━━━━━ Given data ━━━━━

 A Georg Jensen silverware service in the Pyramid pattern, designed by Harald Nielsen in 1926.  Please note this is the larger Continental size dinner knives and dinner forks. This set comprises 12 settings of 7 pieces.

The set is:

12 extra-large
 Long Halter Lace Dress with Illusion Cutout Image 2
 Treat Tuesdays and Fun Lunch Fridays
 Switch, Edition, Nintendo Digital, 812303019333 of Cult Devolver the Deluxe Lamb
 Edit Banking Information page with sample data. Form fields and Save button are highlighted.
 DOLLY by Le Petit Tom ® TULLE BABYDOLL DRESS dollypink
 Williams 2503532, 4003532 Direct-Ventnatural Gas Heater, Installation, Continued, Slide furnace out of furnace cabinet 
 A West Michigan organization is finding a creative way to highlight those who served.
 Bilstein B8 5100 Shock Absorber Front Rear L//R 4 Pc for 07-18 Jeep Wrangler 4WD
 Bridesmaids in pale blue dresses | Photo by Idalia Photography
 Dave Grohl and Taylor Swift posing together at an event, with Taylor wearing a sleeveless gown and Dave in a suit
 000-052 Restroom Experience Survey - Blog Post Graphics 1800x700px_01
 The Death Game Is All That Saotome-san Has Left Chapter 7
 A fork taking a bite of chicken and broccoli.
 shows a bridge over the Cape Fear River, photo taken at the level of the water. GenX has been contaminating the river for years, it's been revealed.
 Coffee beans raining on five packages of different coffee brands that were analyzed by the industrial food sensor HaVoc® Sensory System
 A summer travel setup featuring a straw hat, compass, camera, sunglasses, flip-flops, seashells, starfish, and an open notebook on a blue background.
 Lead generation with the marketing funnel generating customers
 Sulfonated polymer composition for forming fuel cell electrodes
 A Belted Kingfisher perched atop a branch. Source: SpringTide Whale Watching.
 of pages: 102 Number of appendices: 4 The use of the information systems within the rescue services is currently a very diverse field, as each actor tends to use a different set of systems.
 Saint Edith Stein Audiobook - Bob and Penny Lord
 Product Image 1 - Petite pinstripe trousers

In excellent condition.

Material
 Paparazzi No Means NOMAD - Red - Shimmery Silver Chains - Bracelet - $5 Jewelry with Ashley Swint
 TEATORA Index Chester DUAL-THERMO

━━━━━

* **Task**: Those lines of the records that contain the string "Image" should be identified and copied.

* **Result**:
 Long Halter Lace Dress with Illusion Cutout Image 2
 Product Image 1 - Petite pinstripe trousers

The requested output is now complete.